When I vacationed in Costa Rica 5 years ago I was a little underwhelmed, as I found it to be beautiful but a bit culturally bland. But this time around, on the camping circuit, Costa Rica (July 13-30) was a little taste of paradise, especially after the austere conditions in Nicaragua. Pretty much everything about it worked for us from the low-cost ($4 to $6) but good quality places to camp, to the well-stocked grocery stores, to the good roads, to the fast Net connections, to the friendly cops, to the Groovy 91.1 radio station (which puts anything we have in Vancouver to shame and gave us a welcome break from our tired CDs and the b-side 80īs love songs that are played on the radio in the other countries), to its volcanoes, hot springs, beaches, and assorted other natural attractions.

Our first stop was the town of Tamarindo (2 nights) on the northern Pacific coast about 2 hours from the Nicaraguan border. The entire region - Guanacaste - is experiencing an unbelievable real estate boom (AOL co-founder Steve Case just announced plans for a $800 million resort) and Tamarindo felt a little bit like a beach-town version of Whistler, with lots of tourists and higher-end shops, yet still with enough rawness (like dirt roads that flood when it rains) and natural beauty (like a gorgeous, never ending beach that was great for boogie-boarding) to neutralize the negative aspects (like Subway and Pizza Hut) of the development boom. It didnīt hurt that we were camped at a makeshift site on the front lawn of decent hostel that was a 30 second walk, in one direction, from the beach and a 30 second walk, in the other direction, to the best stocked grocery store (fresh baguettes, imported cheese, etc.) that we had seen since Mexico.

From Tamarindo we headed east to the tiny inland town of La Fortuna, which is the base for viewing the continuously erupting Volcan Arenal (which we could see from our campsite, albeit from the "wrong" side).

There is definitely a "Gringo Trail" that runs from the Yucatan Peninsula in Mexico down to Costa Rica and we are starting to see familiar faces wherever we go.

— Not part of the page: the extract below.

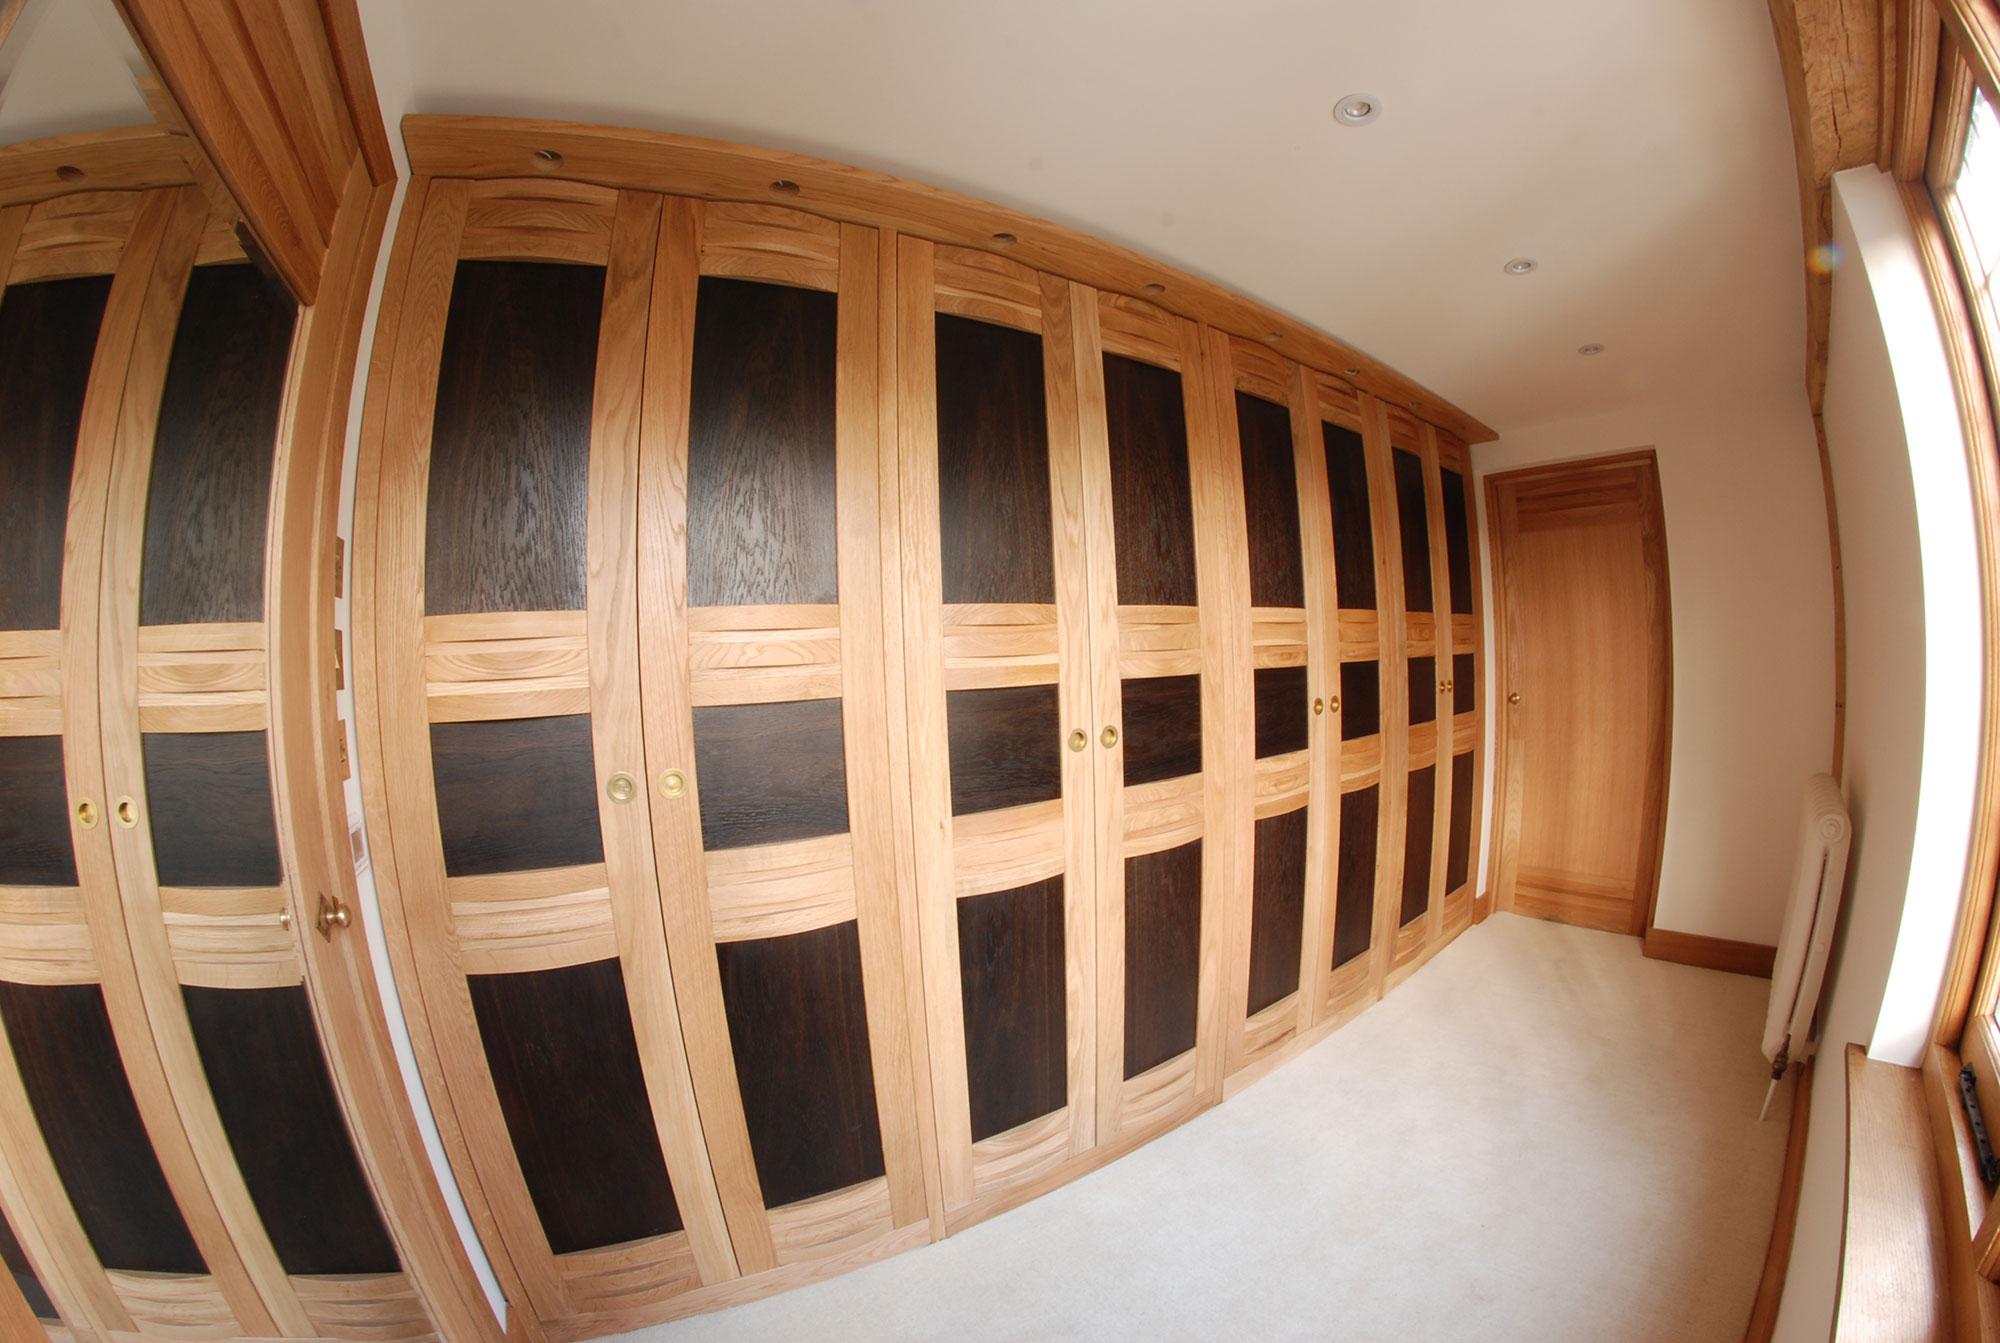 Fitted Wardrobes - 'Fumed Oak'
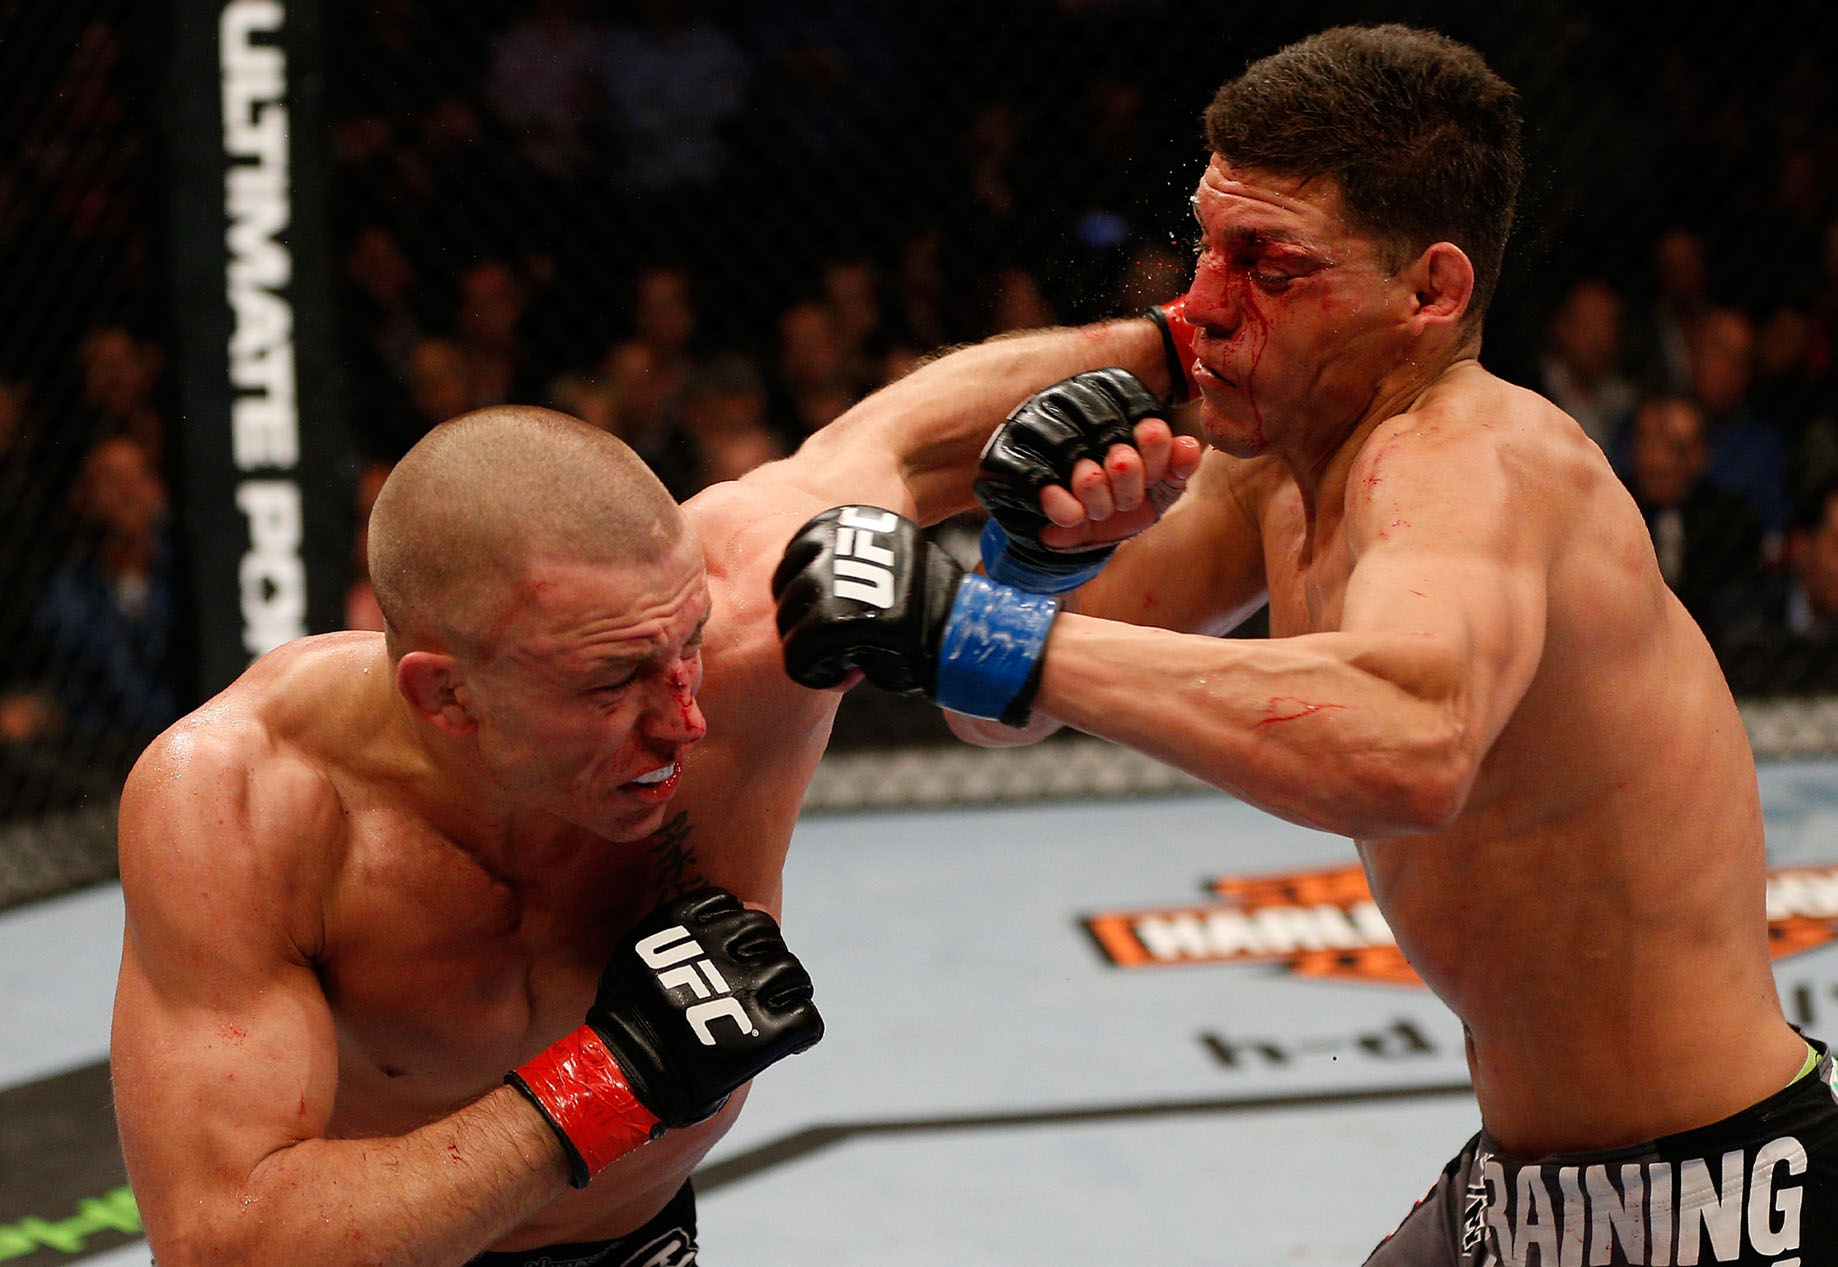 http://theactionelite.com/site/wp-content/uploads/2013/09/St-Pierre-v-Diaz-UFC-158.jpg

In Tamarindo we ran into 3 American travelers that we had first met briefly on Caye Caulker in Belize and, for $20 (the first time our bank account has gone in that direction in 6 months) we drove them from Tamarindo to La Fortuna, and then continued to day-trip with them a bit in La Fortuna, including a hike to the base of the volcano. It was nice to have the added company for awhile (not that after 6 months of living in a van together, Ades and I donīt still find everything that each other says to be extraordinarily fascinating).

After 3 days in La Fortuna, we continued east to the blink-and-you-will-miss-it village of Chilamate, where Adrienneīs good friend, Meghan, her Costa Rican husband, Davis, and their 2-and-a-half year-old daughter, Lluvia, live. Chilamate is Davisī home town and they are in the process of constructing the "Chilamate Rainforest Eco Retreat" on 20 acres of property that they bought last Christmas, doing the bulk of the work themselves. The property came replete with 4 cabins (one of which we stayed in), a small open-air restaurant (which they have enlarged and where we hung out) and a lot of lush rainforest, all located on the bank of the pristine Saripiqui River, which is very popular for white water rafting. They couldnīt be happier, and we couldnīt have been happier hanging out with them; before we knew it we had spent 7 nights.

Our last stop was the Puerto Viejo area (5 nights), which is on the Caribbean coast almost at the border with Panama. It reminded us a bit of the Sunshine Coast or the Gulf Islands, as it has a granola-eating, self-help-book-reading type of feel and was full of little inns, stalls selling homemade jewelry, bakeries with tasty treats and restaurants with mixed and matched chairs. It has also had kilometers of empty white-sand beaches that ended only where the thick rainforest began. I liked it so much that we spent an hour talking to a real estate agent and a morning driving around looking at investment property. Miss Sensibility isnīt so sure.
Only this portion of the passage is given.